Assigned task
Copy out exactly the lines below that run from the one holding "Sneakersnstuff x New" to the one holding "Passionate Anime Couple Kiss Phone Wallpaper", keeping both of those lines and no others.

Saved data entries
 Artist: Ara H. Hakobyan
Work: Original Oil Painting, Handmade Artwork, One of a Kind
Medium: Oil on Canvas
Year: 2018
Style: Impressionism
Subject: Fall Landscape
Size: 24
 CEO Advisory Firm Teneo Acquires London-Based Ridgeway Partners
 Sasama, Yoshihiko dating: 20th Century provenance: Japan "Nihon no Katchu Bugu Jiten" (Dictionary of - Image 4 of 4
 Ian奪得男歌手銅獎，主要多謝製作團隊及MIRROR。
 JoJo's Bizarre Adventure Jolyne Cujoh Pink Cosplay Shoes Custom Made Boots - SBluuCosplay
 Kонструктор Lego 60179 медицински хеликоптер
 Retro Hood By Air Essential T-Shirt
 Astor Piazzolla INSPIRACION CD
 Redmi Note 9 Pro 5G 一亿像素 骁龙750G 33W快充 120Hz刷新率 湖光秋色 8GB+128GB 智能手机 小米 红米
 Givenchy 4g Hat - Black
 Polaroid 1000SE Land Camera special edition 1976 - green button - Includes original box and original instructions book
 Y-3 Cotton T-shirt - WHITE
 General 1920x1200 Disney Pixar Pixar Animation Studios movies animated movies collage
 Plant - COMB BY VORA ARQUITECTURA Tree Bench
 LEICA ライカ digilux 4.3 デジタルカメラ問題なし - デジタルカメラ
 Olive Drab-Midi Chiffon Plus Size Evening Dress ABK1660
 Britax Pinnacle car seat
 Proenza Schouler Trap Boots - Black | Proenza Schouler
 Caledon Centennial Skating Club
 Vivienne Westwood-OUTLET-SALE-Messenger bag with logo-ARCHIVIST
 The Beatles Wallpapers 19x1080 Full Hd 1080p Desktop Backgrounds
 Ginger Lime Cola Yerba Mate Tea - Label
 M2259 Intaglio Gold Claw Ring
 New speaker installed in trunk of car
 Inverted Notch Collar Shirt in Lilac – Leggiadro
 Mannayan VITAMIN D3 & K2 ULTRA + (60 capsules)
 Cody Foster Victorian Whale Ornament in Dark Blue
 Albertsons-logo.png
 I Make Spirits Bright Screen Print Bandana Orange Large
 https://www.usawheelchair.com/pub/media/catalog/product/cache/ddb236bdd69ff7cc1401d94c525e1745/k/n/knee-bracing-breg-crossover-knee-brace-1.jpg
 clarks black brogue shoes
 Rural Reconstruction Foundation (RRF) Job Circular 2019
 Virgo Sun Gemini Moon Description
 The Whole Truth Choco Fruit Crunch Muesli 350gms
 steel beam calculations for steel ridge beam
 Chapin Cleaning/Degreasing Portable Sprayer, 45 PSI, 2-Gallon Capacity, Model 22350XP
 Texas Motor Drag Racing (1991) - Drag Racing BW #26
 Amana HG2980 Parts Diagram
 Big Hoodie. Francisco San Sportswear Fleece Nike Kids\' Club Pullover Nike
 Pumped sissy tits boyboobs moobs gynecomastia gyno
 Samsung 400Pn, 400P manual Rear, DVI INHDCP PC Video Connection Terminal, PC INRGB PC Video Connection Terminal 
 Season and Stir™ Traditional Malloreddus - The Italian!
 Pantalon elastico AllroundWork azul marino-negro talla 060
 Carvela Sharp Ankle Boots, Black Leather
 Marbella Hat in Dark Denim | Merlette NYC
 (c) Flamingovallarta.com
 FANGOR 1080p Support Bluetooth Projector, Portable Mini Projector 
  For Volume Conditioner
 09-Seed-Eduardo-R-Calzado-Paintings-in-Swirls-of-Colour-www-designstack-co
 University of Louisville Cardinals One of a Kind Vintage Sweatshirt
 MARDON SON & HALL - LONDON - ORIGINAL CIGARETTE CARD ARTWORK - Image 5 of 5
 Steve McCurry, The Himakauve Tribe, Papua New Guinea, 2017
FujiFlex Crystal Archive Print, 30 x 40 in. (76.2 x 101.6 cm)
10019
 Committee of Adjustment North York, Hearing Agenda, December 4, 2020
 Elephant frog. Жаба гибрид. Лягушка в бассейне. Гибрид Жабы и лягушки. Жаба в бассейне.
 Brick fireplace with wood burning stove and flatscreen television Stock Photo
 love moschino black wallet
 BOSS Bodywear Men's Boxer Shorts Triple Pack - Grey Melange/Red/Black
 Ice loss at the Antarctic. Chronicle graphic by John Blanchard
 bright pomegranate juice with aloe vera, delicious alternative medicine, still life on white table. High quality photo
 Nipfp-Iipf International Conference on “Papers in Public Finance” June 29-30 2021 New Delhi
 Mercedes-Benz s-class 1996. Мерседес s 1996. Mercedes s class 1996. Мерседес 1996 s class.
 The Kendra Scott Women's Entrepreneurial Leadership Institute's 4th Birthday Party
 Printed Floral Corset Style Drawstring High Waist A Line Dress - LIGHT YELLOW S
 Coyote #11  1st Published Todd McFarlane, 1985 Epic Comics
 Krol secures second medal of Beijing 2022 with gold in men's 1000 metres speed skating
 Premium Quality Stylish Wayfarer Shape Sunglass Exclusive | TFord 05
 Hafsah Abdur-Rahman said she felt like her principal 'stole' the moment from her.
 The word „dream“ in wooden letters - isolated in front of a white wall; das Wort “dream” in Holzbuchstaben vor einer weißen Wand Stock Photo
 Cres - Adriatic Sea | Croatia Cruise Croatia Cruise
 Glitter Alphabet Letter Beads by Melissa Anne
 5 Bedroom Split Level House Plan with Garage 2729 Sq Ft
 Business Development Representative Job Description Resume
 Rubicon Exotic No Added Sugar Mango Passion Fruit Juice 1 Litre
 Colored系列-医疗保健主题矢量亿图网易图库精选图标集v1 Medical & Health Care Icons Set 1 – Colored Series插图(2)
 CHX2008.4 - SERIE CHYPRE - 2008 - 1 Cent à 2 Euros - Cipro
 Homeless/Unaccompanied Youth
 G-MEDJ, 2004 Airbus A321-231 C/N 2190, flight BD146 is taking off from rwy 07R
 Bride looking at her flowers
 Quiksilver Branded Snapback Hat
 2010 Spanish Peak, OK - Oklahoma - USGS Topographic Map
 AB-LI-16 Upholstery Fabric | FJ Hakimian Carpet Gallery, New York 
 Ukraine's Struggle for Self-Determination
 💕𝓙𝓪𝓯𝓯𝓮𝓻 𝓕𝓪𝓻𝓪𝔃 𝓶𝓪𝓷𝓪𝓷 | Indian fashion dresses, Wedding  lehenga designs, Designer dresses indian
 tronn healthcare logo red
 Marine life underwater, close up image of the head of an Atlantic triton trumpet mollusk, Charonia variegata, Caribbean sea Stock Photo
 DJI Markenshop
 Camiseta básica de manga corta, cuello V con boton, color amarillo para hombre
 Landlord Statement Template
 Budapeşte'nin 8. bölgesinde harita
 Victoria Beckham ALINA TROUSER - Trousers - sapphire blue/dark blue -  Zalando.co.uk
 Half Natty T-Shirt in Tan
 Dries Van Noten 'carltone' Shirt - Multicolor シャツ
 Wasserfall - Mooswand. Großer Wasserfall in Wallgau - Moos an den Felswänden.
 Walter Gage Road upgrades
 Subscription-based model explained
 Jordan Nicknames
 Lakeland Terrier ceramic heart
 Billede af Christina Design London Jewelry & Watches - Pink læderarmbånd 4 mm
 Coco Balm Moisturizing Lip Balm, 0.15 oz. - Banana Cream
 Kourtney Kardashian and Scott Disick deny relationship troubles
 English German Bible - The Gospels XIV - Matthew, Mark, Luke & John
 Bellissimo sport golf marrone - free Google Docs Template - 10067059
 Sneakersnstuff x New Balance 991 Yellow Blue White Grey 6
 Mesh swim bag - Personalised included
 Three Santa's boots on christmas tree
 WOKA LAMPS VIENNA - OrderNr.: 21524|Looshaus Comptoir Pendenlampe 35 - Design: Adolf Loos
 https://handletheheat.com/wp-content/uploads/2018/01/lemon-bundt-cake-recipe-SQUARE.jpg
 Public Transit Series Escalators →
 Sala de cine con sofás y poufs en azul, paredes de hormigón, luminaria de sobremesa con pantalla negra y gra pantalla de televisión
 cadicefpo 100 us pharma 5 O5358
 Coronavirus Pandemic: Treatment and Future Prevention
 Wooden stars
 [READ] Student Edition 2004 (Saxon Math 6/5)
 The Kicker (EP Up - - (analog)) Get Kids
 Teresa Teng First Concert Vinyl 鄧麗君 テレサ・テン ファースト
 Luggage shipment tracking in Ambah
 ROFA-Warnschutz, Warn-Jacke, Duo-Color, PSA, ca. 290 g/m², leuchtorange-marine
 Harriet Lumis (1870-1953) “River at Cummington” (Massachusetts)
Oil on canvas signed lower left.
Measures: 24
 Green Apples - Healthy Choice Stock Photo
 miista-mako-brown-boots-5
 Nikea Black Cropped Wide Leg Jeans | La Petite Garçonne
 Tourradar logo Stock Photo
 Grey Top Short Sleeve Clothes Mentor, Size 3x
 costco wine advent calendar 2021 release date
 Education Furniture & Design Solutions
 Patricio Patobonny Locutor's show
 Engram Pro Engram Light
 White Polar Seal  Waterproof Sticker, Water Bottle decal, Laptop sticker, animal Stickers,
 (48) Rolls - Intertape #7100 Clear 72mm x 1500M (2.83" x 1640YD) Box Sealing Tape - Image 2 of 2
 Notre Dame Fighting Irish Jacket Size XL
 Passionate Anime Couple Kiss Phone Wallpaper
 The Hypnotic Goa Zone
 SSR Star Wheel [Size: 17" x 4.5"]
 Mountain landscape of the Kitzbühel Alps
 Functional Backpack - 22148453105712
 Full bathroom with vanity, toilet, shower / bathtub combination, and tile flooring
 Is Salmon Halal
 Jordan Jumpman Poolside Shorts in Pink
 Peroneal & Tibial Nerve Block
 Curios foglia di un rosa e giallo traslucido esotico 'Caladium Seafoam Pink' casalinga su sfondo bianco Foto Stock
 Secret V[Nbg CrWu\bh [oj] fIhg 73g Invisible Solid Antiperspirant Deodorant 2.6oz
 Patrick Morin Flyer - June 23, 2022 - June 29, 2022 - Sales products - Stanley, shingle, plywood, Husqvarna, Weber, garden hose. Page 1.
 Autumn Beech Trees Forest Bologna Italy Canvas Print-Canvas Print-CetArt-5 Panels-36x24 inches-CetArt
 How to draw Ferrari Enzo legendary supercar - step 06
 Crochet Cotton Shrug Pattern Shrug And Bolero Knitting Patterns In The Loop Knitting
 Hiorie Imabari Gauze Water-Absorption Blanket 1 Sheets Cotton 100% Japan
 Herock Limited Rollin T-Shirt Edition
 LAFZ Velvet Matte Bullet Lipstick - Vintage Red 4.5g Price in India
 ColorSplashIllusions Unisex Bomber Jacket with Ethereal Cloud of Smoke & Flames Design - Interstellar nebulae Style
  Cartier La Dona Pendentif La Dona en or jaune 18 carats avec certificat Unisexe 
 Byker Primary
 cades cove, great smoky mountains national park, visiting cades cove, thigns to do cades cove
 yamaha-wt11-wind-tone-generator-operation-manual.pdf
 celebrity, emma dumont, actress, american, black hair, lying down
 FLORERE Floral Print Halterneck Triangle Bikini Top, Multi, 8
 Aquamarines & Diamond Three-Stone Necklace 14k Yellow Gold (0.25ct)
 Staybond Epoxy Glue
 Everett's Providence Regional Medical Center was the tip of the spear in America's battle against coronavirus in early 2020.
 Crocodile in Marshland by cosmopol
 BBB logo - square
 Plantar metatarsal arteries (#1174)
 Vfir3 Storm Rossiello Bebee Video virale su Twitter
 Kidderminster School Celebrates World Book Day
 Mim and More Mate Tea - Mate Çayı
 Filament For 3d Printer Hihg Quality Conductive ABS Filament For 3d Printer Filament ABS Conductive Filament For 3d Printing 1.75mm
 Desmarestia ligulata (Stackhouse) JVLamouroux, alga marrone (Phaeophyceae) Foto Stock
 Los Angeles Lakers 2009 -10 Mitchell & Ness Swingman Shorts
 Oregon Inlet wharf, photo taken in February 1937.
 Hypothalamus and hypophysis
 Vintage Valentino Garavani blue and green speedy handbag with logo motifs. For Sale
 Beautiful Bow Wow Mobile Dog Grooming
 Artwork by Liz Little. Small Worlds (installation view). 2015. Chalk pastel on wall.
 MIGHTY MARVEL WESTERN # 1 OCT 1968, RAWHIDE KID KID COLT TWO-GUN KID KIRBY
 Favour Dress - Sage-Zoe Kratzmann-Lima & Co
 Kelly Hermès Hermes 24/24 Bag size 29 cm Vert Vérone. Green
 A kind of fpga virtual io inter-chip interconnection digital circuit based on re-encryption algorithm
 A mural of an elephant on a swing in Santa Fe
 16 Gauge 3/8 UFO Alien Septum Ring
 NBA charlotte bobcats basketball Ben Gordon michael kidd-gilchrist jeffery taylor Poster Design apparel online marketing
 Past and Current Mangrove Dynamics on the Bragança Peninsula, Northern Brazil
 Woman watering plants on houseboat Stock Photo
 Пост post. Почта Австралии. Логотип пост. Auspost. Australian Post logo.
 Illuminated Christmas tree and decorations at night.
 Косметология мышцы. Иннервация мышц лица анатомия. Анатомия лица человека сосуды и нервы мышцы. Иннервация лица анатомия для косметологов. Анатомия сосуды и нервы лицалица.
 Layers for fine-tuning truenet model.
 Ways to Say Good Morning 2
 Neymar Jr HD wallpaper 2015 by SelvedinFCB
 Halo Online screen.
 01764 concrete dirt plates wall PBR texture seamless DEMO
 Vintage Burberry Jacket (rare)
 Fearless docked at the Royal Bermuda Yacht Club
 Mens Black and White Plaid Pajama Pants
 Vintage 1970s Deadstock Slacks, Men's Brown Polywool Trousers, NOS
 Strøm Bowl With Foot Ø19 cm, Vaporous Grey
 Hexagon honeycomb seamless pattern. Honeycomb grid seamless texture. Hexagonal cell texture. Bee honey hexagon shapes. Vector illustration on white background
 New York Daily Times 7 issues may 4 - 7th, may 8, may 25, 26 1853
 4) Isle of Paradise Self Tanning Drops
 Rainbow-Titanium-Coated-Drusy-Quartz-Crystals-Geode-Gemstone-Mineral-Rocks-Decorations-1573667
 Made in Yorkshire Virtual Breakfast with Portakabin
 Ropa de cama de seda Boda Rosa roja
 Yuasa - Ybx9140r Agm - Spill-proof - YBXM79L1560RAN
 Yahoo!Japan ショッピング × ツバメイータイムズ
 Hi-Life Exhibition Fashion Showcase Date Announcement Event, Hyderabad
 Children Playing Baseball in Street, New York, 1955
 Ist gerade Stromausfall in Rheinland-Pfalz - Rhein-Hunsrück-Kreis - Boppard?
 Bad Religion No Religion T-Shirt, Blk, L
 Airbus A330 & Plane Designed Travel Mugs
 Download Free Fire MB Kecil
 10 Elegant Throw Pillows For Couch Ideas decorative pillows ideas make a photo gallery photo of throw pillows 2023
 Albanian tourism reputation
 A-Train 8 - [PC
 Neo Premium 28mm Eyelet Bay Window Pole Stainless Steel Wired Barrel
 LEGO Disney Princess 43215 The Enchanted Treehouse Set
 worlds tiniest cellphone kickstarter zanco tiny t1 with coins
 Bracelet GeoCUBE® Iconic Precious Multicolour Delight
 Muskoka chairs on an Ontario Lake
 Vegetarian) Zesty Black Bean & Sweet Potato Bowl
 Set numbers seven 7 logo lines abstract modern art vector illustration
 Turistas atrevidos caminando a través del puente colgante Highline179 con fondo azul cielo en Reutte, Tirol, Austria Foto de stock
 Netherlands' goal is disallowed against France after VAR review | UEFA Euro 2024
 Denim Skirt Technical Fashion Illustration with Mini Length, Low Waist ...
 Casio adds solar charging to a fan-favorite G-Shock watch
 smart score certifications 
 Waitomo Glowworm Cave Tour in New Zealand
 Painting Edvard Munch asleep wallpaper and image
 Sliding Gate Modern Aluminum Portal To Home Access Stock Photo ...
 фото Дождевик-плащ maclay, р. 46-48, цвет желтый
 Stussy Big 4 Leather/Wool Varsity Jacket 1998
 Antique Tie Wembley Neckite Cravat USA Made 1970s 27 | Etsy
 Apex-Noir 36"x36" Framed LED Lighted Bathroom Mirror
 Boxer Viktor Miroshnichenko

Output of the task
 Sneakersnstuff x New Balance 991 Yellow Blue White Grey 6
 Mesh swim bag - Personalised included
 Three Santa's boots on christmas tree
 WOKA LAMPS VIENNA - OrderNr.: 21524|Looshaus Comptoir Pendenlampe 35 - Design: Adolf Loos
 https://handletheheat.com/wp-content/uploads/2018/01/lemon-bundt-cake-recipe-SQUARE.jpg
 Public Transit Series Escalators →
 Sala de cine con sofás y poufs en azul, paredes de hormigón, luminaria de sobremesa con pantalla negra y gra pantalla de televisión
 cadicefpo 100 us pharma 5 O5358
 Coronavirus Pandemic: Treatment and Future Prevention
 Wooden stars
 [READ] Student Edition 2004 (Saxon Math 6/5)
 The Kicker (EP Up - - (analog)) Get Kids
 Teresa Teng First Concert Vinyl 鄧麗君 テレサ・テン ファースト
 Luggage shipment tracking in Ambah
 ROFA-Warnschutz, Warn-Jacke, Duo-Color, PSA, ca. 290 g/m², leuchtorange-marine
 Harriet Lumis (1870-1953) “River at Cummington” (Massachusetts)
Oil on canvas signed lower left.
Measures: 24
 Green Apples - Healthy Choice Stock Photo
 miista-mako-brown-boots-5
 Nikea Black Cropped Wide Leg Jeans | La Petite Garçonne
 Tourradar logo Stock Photo
 Grey Top Short Sleeve Clothes Mentor, Size 3x
 costco wine advent calendar 2021 release date
 Education Furniture & Design Solutions
 Patricio Patobonny Locutor's show
 Engram Pro Engram Light
 White Polar Seal  Waterproof Sticker, Water Bottle decal, Laptop sticker, animal Stickers,
 (48) Rolls - Intertape #7100 Clear 72mm x 1500M (2.83" x 1640YD) Box Sealing Tape - Image 2 of 2
 Notre Dame Fighting Irish Jacket Size XL
 Passionate Anime Couple Kiss Phone Wallpaper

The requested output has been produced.